Abstract

This article examines the role of Jimi Hendrix in the late 1960s as a vessel of the Black Atlantic, what Paul Gilroy describes as the counterculture to modernity. Placed against the backdrop of The Dick Cavett Show, a newly created talk show in 1969 hosted by the white liberal Dick Cavett, this article explores the dialogue between host and guitarist in an attempt to trace the longue durée assumptions and ideological patterns of modernity and its late 1960s repercussions at the end of the American Civil Rights movement.

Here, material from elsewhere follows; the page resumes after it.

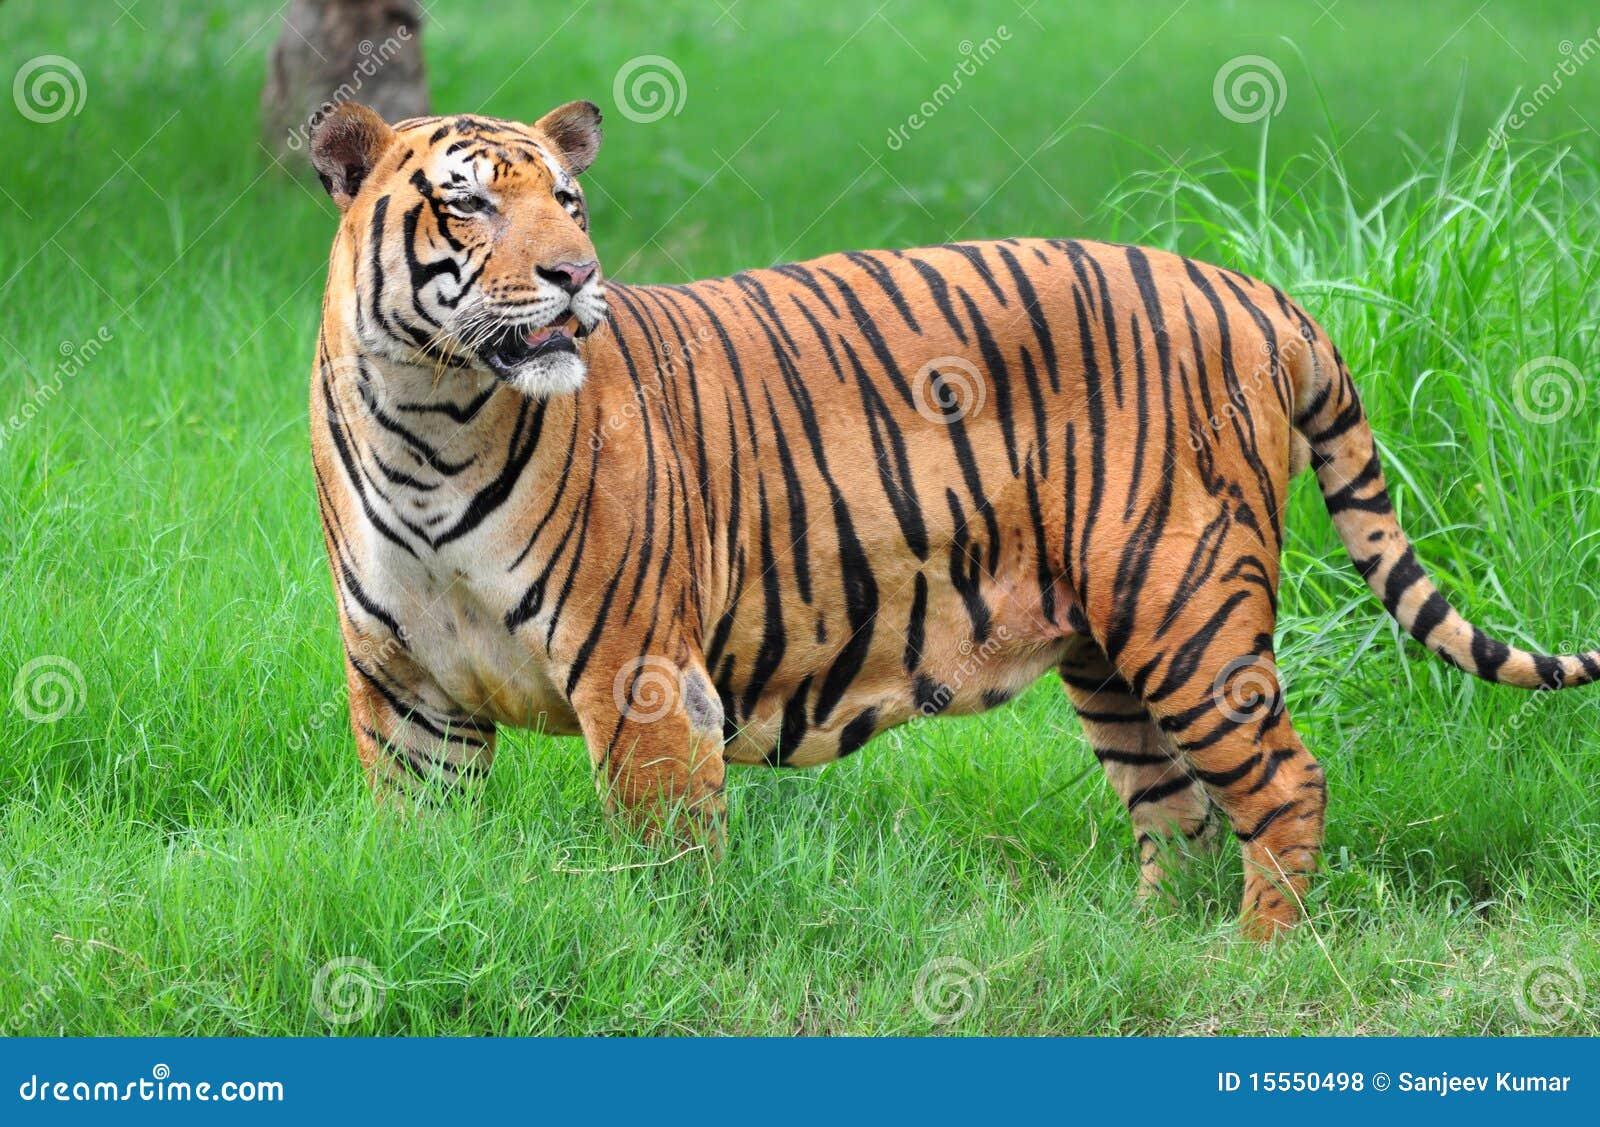 Tigre de bengala foto de archivo imagen de arbustos for Bengala asia

Using the theories of Gilroy, James Baldwin, Raymond Williams, and Jacques Attali, I outline how the two visits of Hendrix on The Dick Cavett Show were analogous to larger patterns coursing through American society as popular institutions such as television and film formed important bulwarks against not only the countercultural ideas of the 1960s, but the more radical sets of ideas that increasingly took aim at the institutional nature of US racial capitalism and modernity itself. While The Dick Cavett Show embodied the assimilation of aspects of cultural radicalism, the show also offered lessons on how institutions such as television used cultural radicalism as both a point of sale and a reflective other in rehabilitating the frayed edges of American truth-constructing processes. As a guest, Hendrix often provided answers to Cavett’s questions which frequently opened doors to implicitly anti-systemic – or anti-modern – discussions. As a host, Cavett’s reactions can be read as parrying these blows, using comedy and his persona as a Midwestern straight white man as the blunting instrument.